Re: HH DL585 warm boot fail (old)
From: Bjorn Helgaas
Date: Wed Oct 24 2018 - 09:49:51 EST
On Wed, Oct 24, 2018 at 10:47:24AM +0300, Meelis Roos wrote:
> > Would you mind opening a report at https://bugzilla.kernel.org? I'm
> > not sure if anybody will be able to do anything about this, but it's
> > always possible.
>
> Submitted now, https://bugzilla.kernel.org/show_bug.cgi?id=201503
>
> > A complete dmesg log and "sudo lspci -vv" output from a successful
> > boot would be a good start. And if you have a screenshot of the
> > failure, that would help, too. You can use the "ignore_loglevel"

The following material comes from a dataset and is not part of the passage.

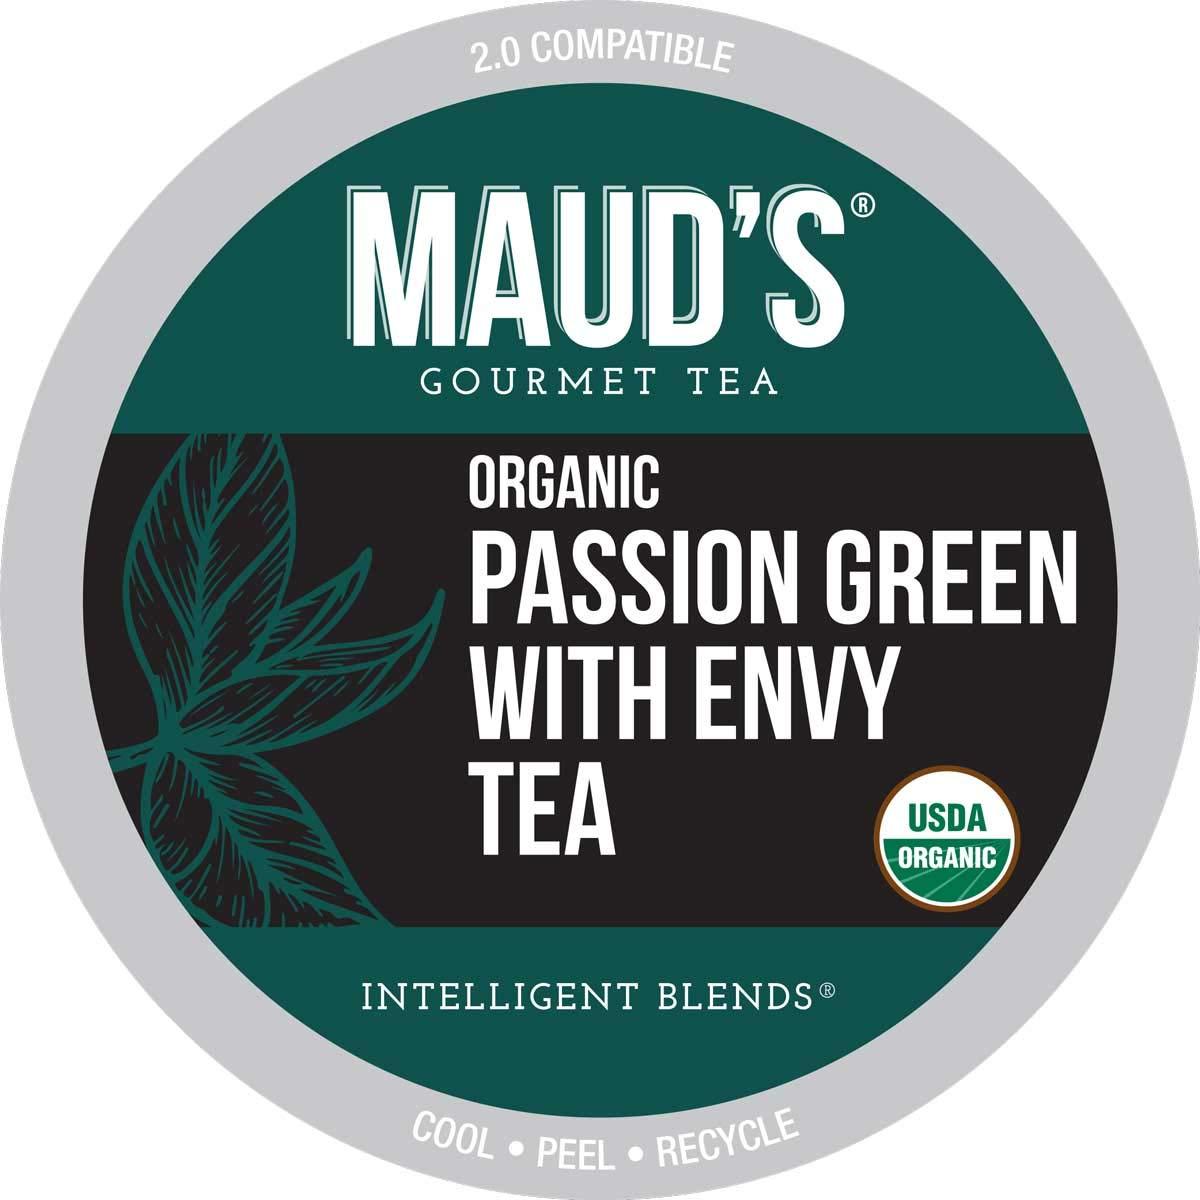 Maud's Organic Green Tea Passion (Passion Green Envy Tea), 24ct. Recyclable Single Serve Organic Green Tea Pods – 100% Organic Passion Green Tea California Blended, Keurig Green Tea K Cup Compatible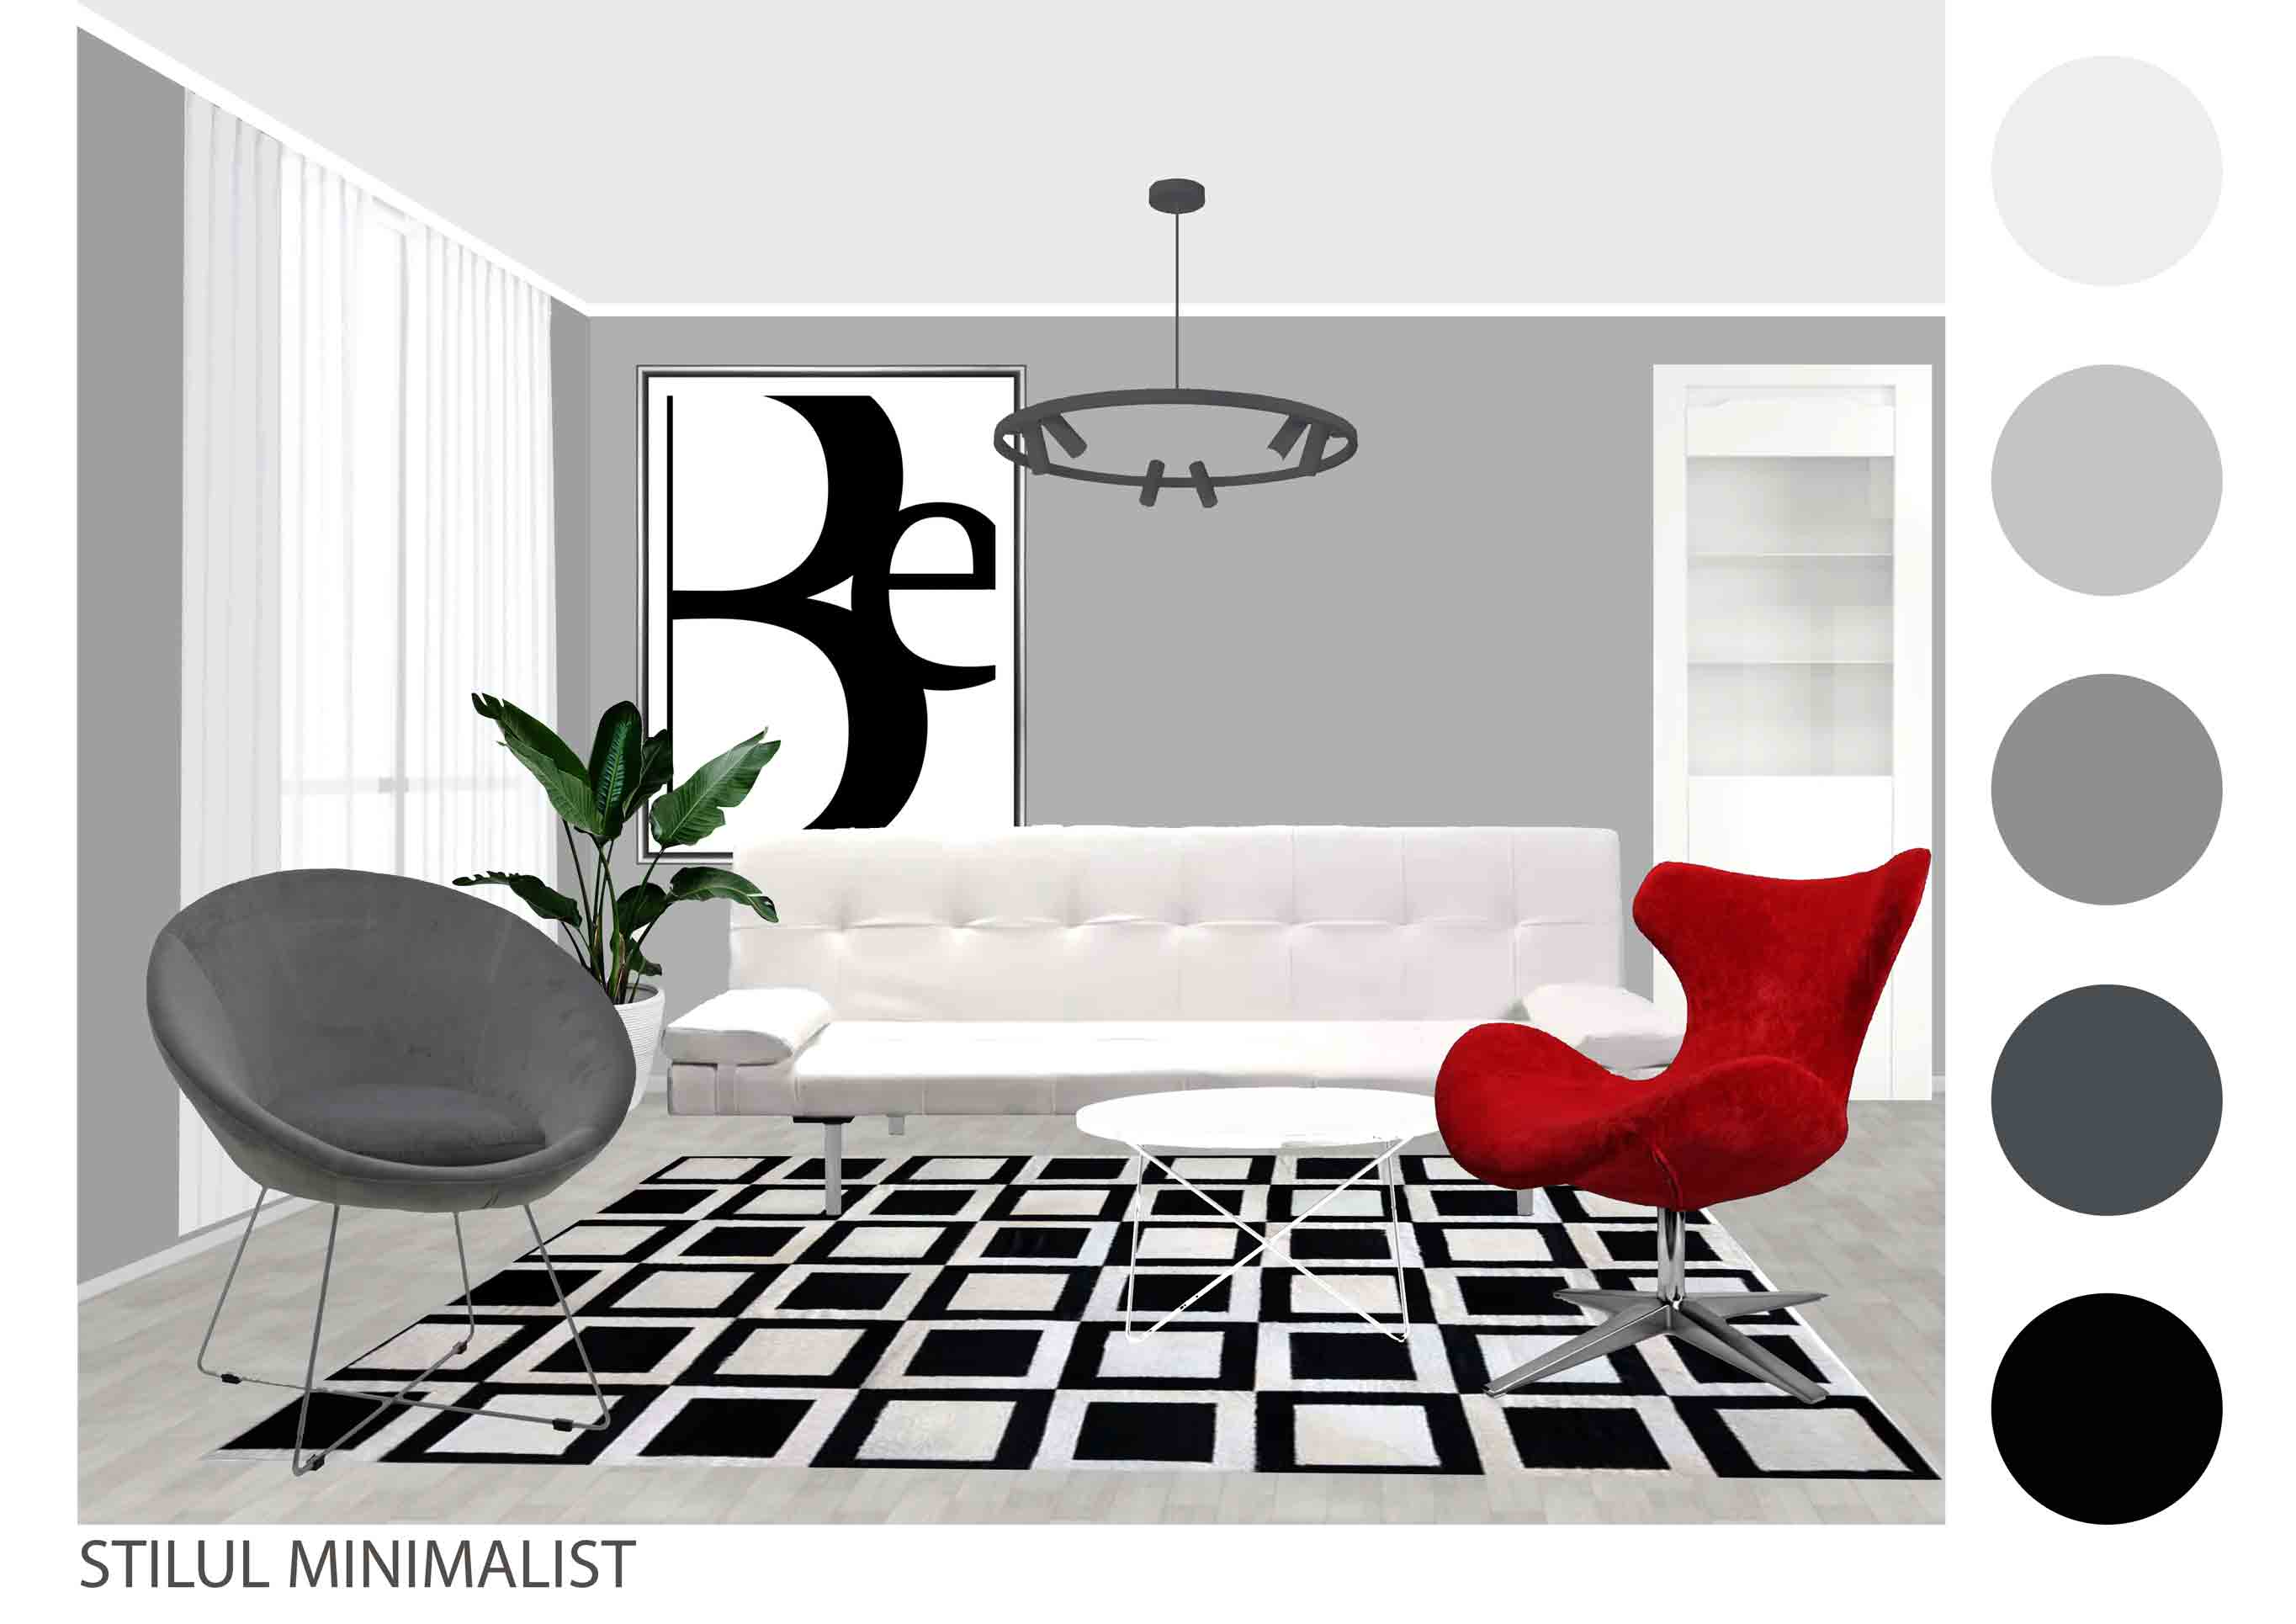 living in stil minimalist

> > kernel parameter to make sure we see everything on the console.
>
> Added.
>
> > Does this machine have an iLO? If so, it may have logs that
> > could be useful if this is related to some sort of bus error.
>
> Nothing in the ILO logs.
Great, thanks!
Can you try the patch below? This is extracted from the code here:
https://github.com/joyent/illumos-joyent/blob/b6a0b04d591f5b877cfe05f45e81f0e8a5cfc2b3/usr/src/uts/intel/io/pci/pci_boot.c#L1805
I'm not sure why this would be only an intermittent problem, but at
least we can see if this is related.
diff --git a/drivers/pci/quirks.c b/drivers/pci/quirks.c
index 6bc27b7fd452..842f900ed194 100644
--- a/drivers/pci/quirks.c
+++ b/drivers/pci/quirks.c
@@ -5113,3 +5113,15 @@ DECLARE_PCI_FIXUP_FINAL(PCI_VENDOR_ID_MICROSEMI, 0x8575,
quirk_switchtec_ntb_dma_alias);
DECLARE_PCI_FIXUP_FINAL(PCI_VENDOR_ID_MICROSEMI, 0x8576,
quirk_switchtec_ntb_dma_alias);
+
+static void quirk_amd_8111(struct pci_dev *pdev)
+{
+ u8 ioc;
+
+ pci_read_config_byte(pdev, 0x40, &ioc);
+ if (ioc & 0x80) {
+ pci_info(pdev, "disabling NMI on error\n");
+ pci_write_config_byte(pdev, 0x40, ioc & ~0x80);
+ }
+}
+DECLARE_PCI_FIXUP_EARLY(PCI_VENDOR_ID_AMD, 0x7468, quirk_amd_8111);